Board meeting report: March 2, 2023

Here’s what we talked about at the last meeting of the FAUW Board of Directors:

New Equity Committee Terms of Reference were adopted. Changes include more detail about voting/decision making procedures, a new section on removal of committee members, the new role of equity advocate and facilitator, more detail regarding election of the chair, and further constraints around committee recruitment and selection to prioritize equity in selection.

Online Course Outline Repository. The Board discussed benefits and concerns about online course outline repositories. Look for a message from us about this soon, including examples of what actually needs to be submitted and examples from each faculty.

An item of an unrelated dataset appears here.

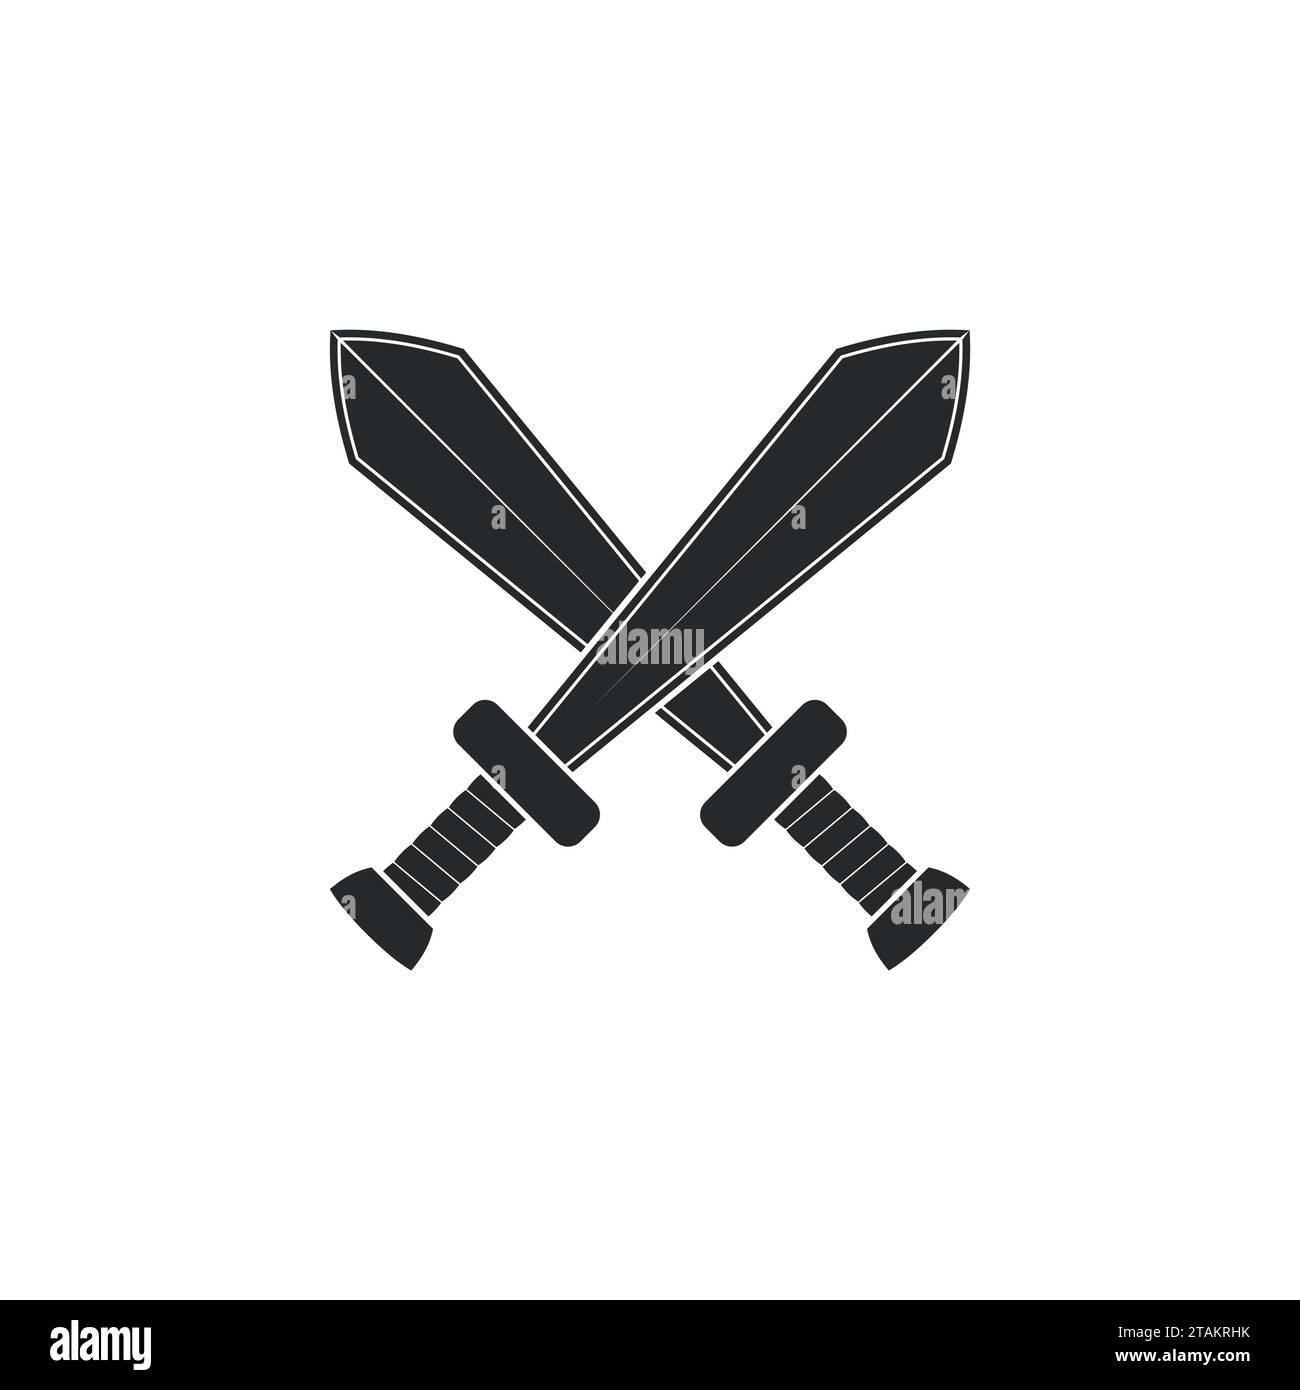 Crossed swords icon isolated on white background. Arms vector illustration Stock Vector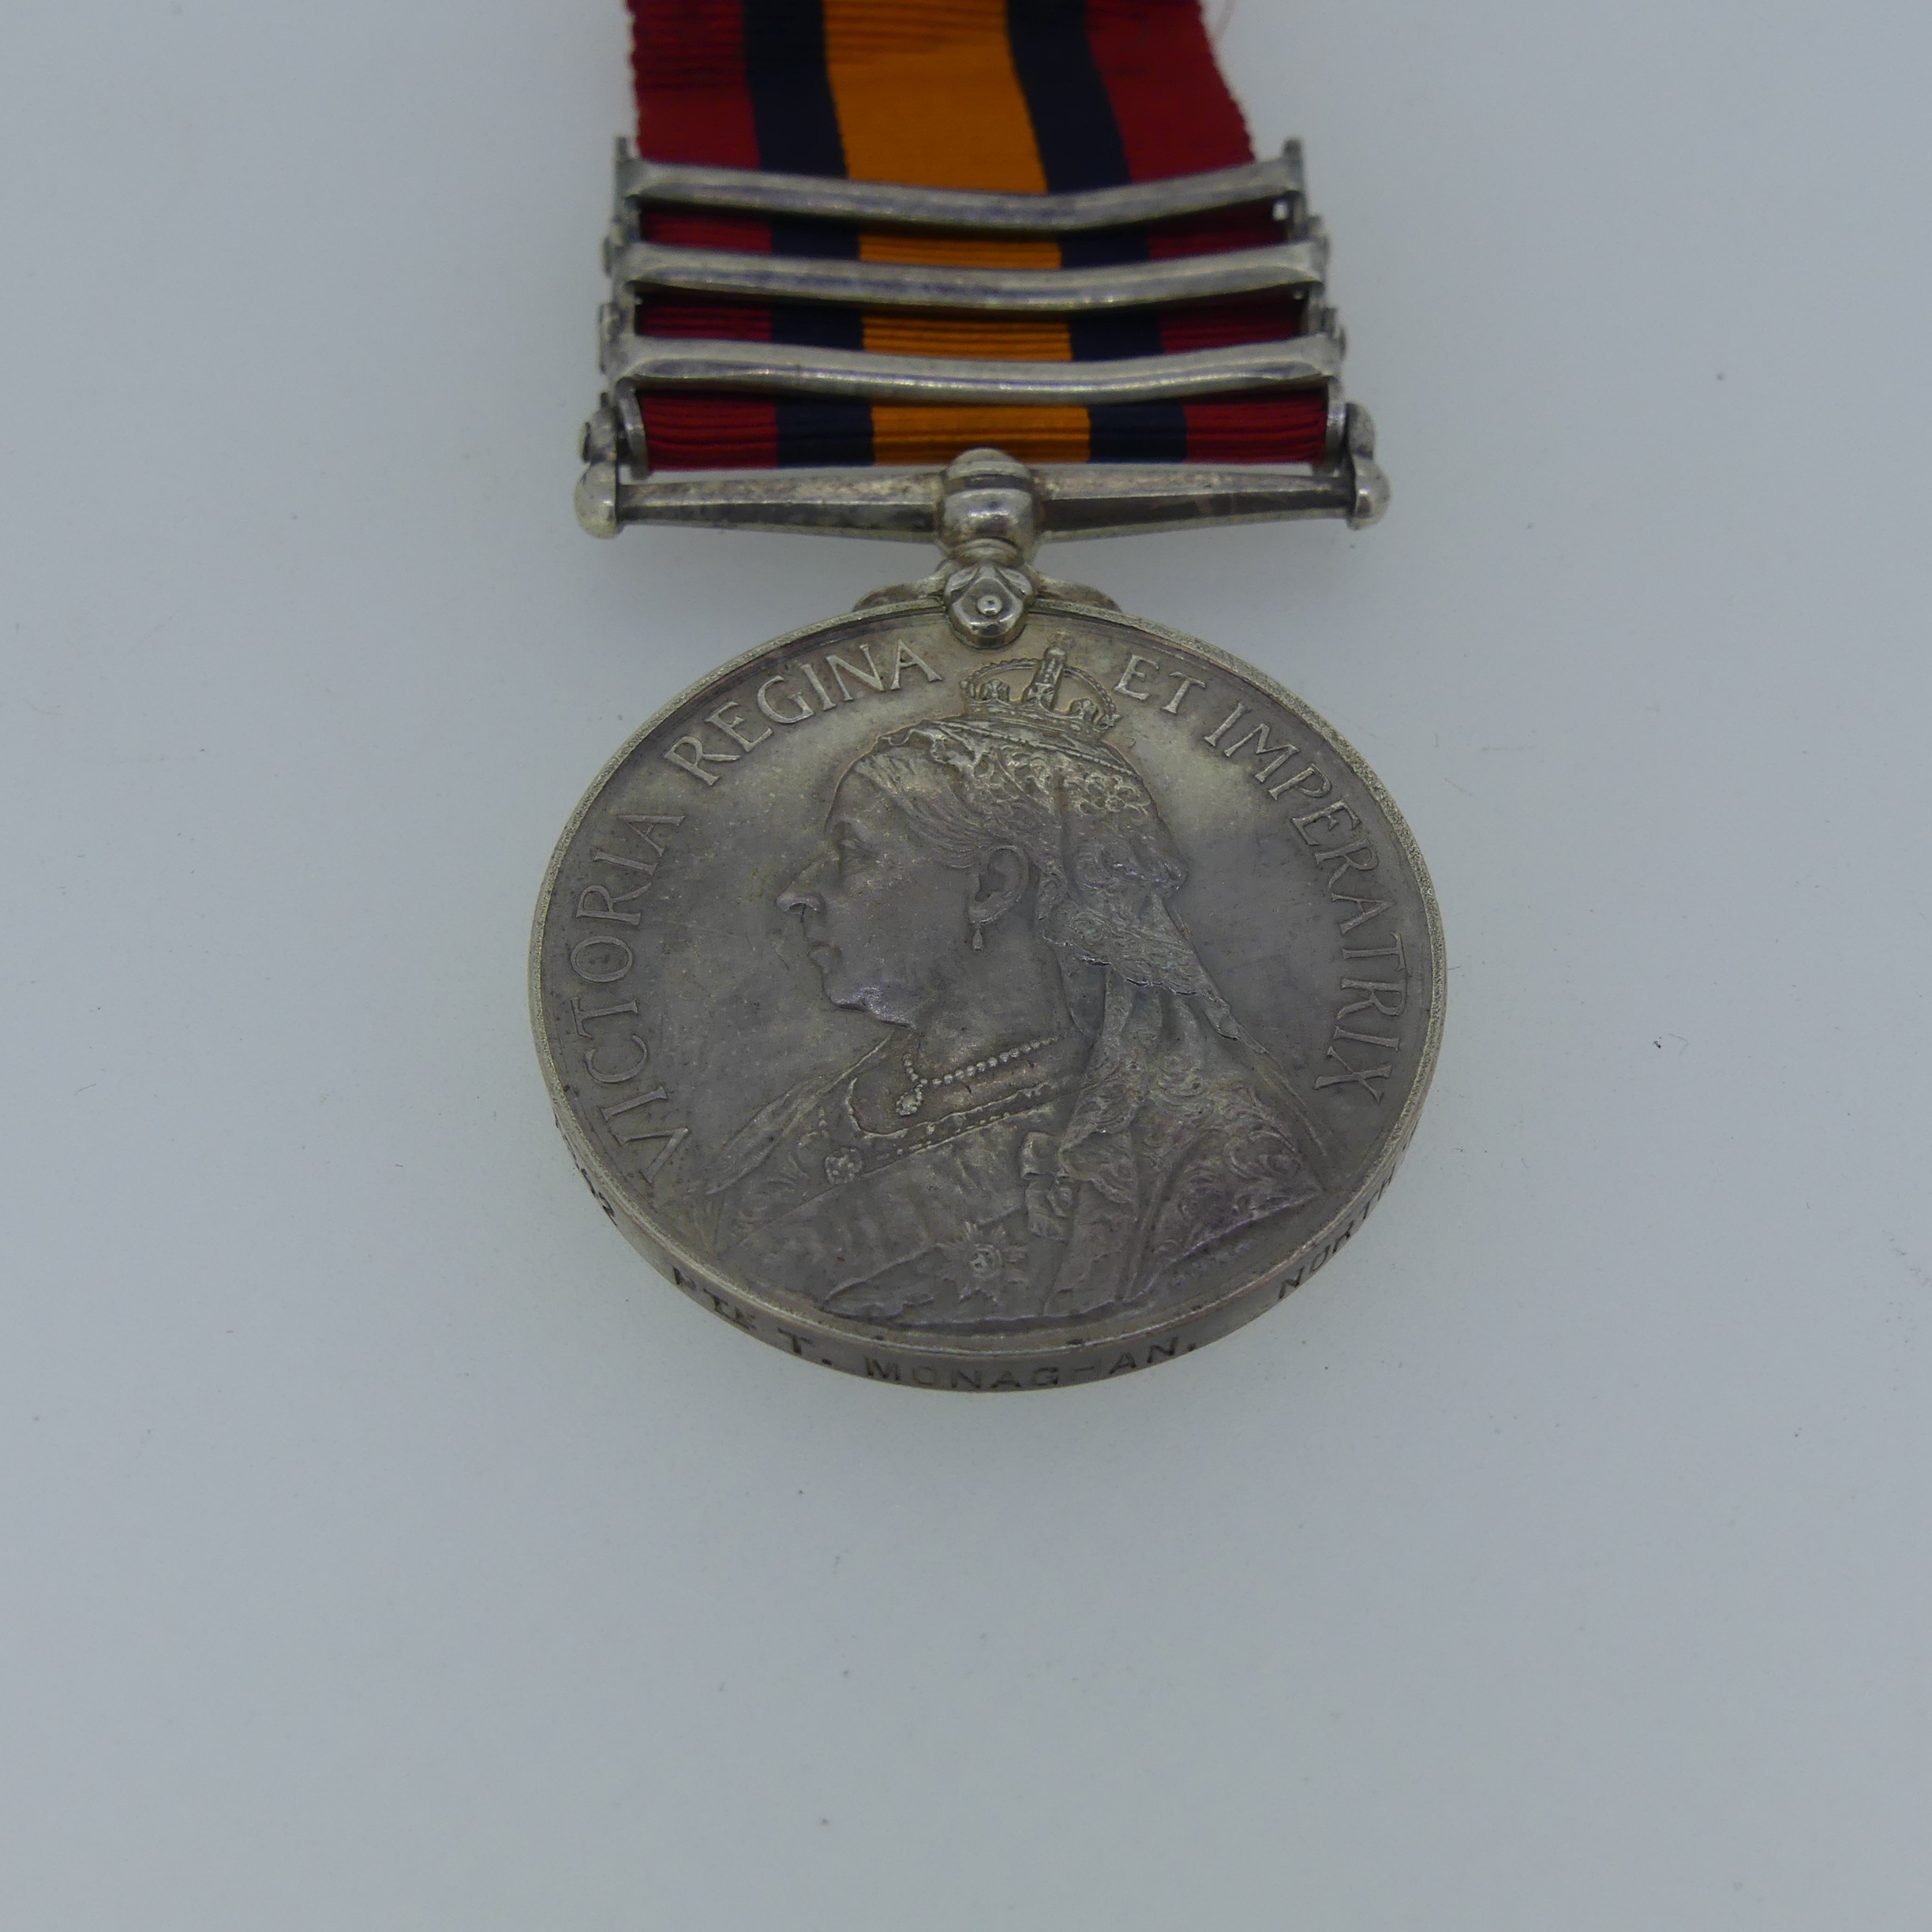 Queen's South Africa Medal (Three clasps: Transvaal, Orange Free State, Cape Colony) 6842 Pte T. - Image 3 of 5

Vacation poll results. It became clear from the poll results that many faculty members are struggling to take the vacation time to which we are entitled (particularly faculty teaching in all three terms). We will be raising this at FRC, asking what they are doing to ensure our right to take our allocated vacation time, especially as a signatory to the Okanagan Charter.

Equity Data Advisory Group. This group has stopped meeting, yet work on the Equity Survey is incomplete and it is unclear what is happening with the data, when and how it will be shared with the University community, and how often the survey will re-open. Initial data collection was summer-fall 2021, with a brief re-opening in WorkDay in May 2022 to reach the 2/3 faculty response rate but nothing has come of the survey yet and the information online about results is out of date. The Board passed a motion to propose to the FRC that the Equity Data Advisory Group be restarted.

Governance review. The Board reviewed a project outline from CAUT and discussed the composition of the steering committee for the review. CAUT representatives will be invited to a future Board meeting to discuss further.

Graduate TA/RA certification. OrganizeUW, the grassroots campaign to form a union among TAs and RAs, is hoping to address graduate classes. In order to facilitate this, TAs and RAs will be contacting faculty members who teach grad classes with a request to address each class for 3-4 minutes. This is not a request for individual endorsements of OrganizeUW but simply a request to speak with grad students and we encourage you to consider the request.

Reopening the 2021 salary settlement. The administration has agreed to review our last 2021 salary settlement in light of Bill 124 being defeated in court (Bill 124 was the one that limited compensation increases to 1% annually across the Ontario public sector). A recent arbitration decision made it clear that organizations should not wait for the outcome of an appeal before re-opening the negotiations that were constrained by Bill 124.

Policy 33 – Ethical Behaviour. There has been no movement on this very important policy since August 2021. A joint meeting of the Faculty Relations Committee and the Staff Relations Committee was held recently to discuss the 2021 draft, to consider outstanding issues, and to press for implementation of the revised policy as soon as possible.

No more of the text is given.